Supplied data »
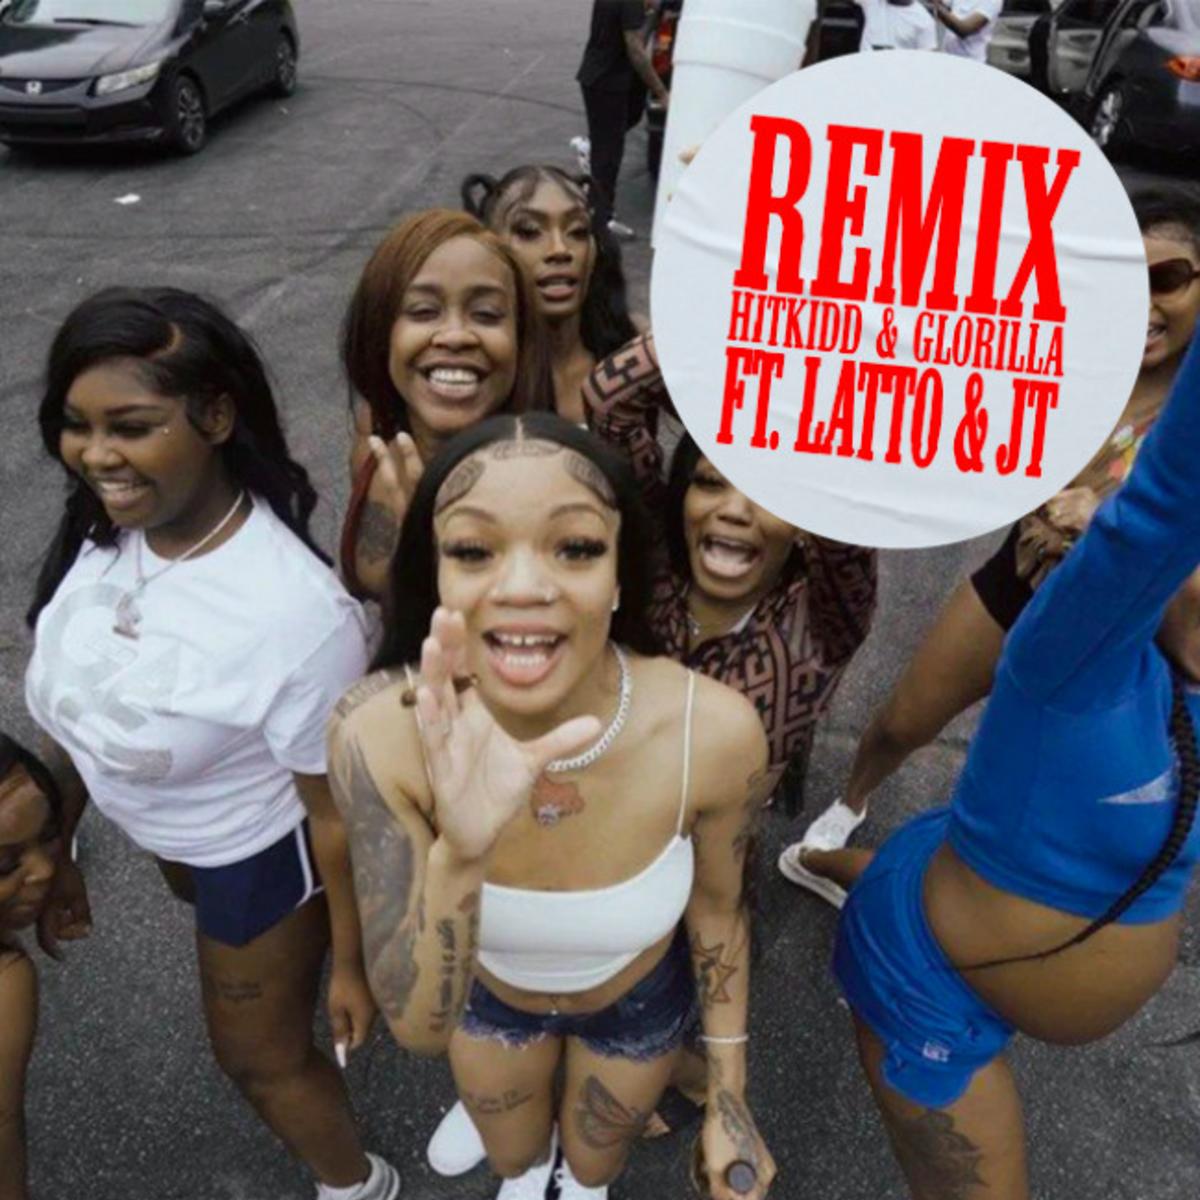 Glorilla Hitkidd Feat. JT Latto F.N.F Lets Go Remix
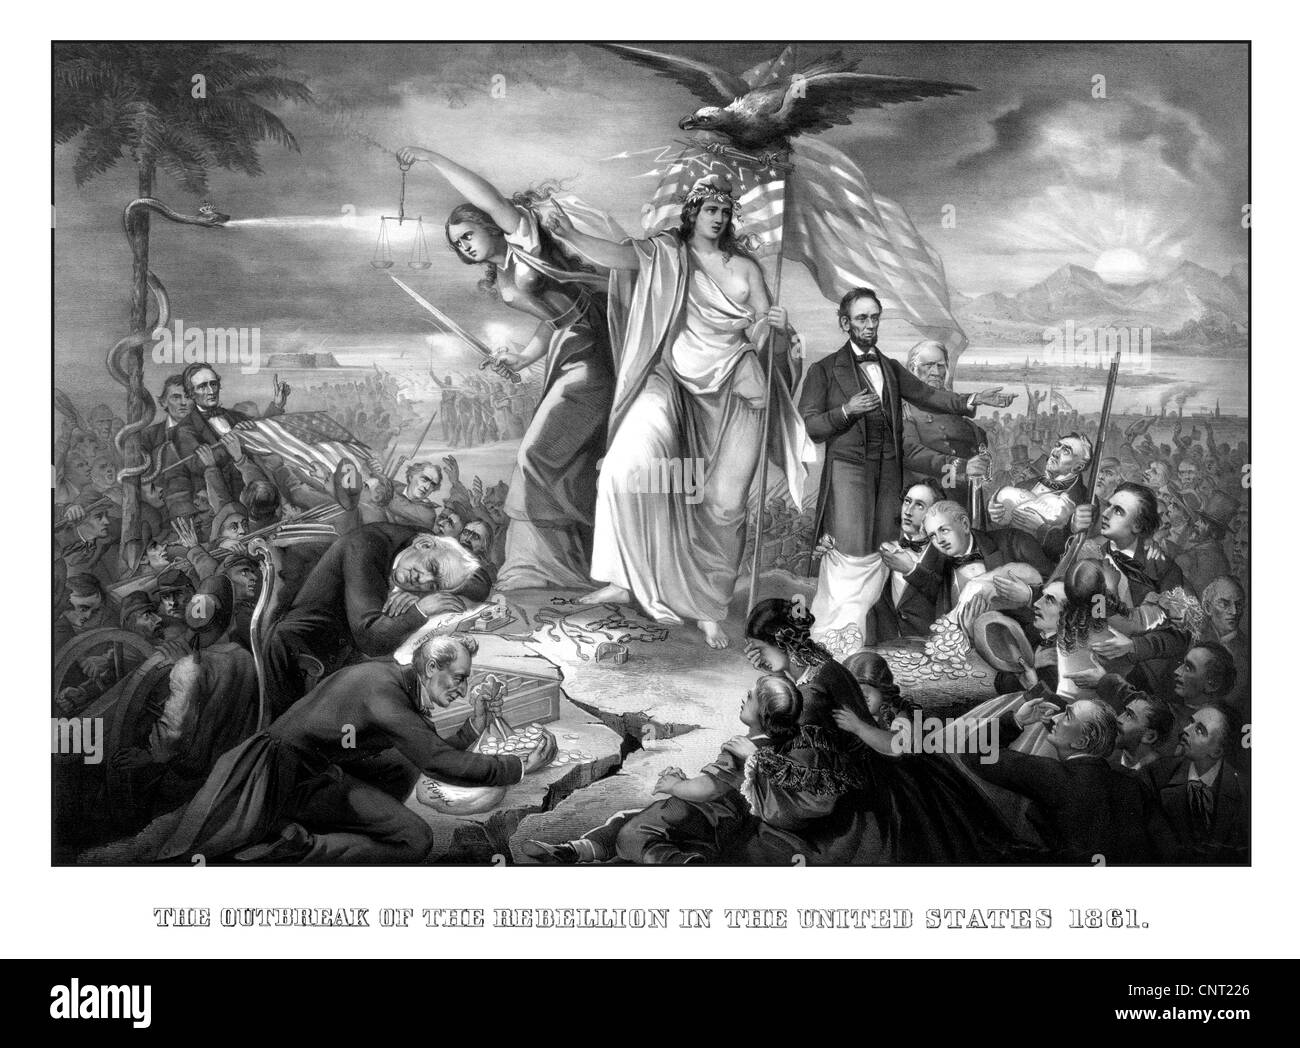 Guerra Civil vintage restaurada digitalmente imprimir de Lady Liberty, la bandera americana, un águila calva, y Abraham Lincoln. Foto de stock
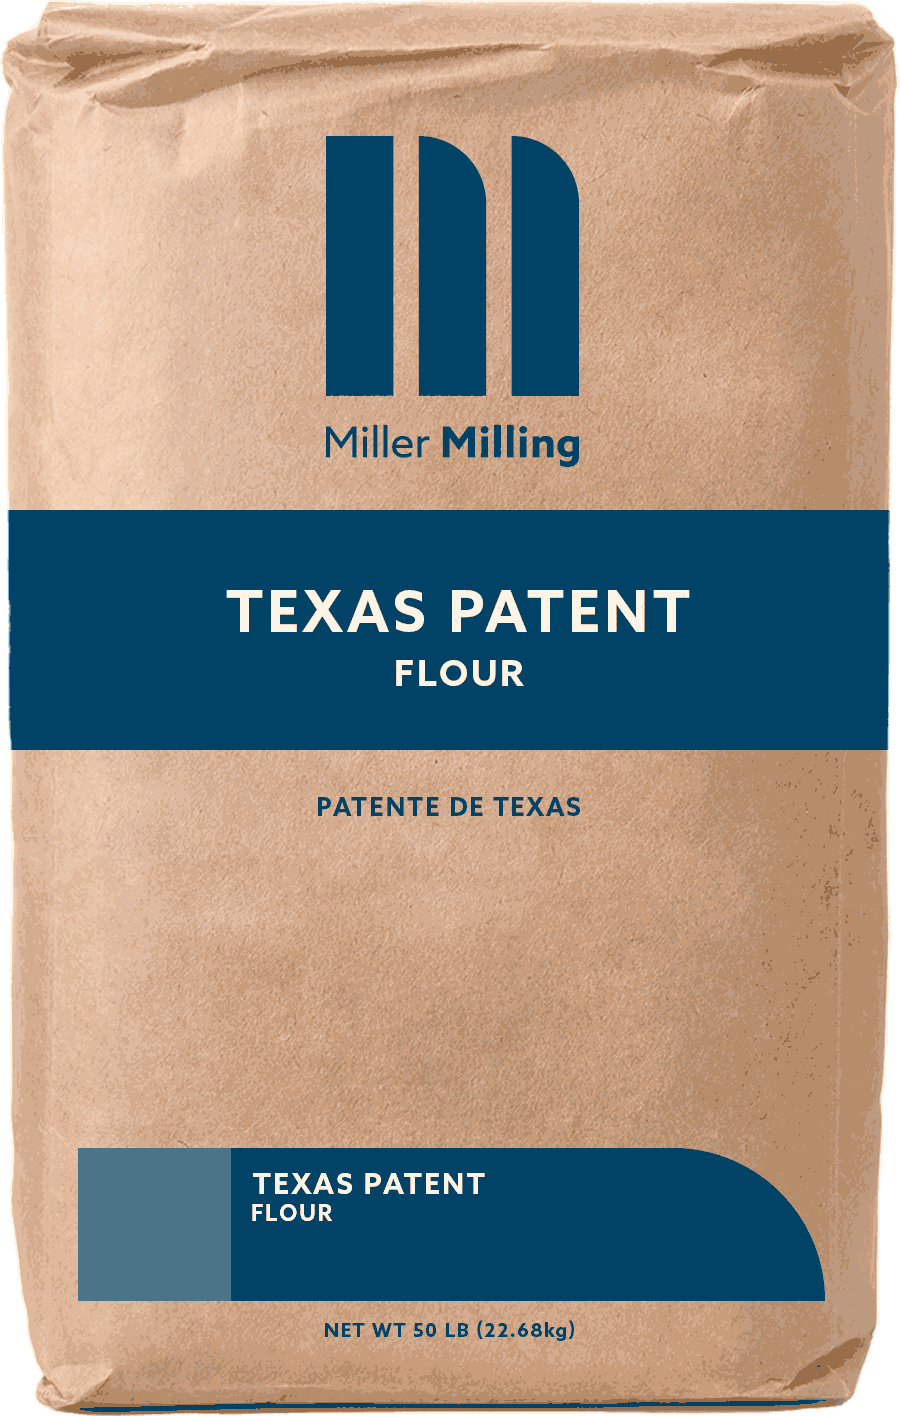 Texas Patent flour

Problem to solve »
A word-for-word copy of the listing is needed. It must not include the pictures.

Output below »
 Glorilla Hitkidd Feat. JT Latto F.N.F Lets Go Remix
 Guerra Civil vintage restaurada digitalmente imprimir de Lady Liberty, la bandera americana, un águila calva, y Abraham Lincoln. Foto de stock
 Texas Patent flour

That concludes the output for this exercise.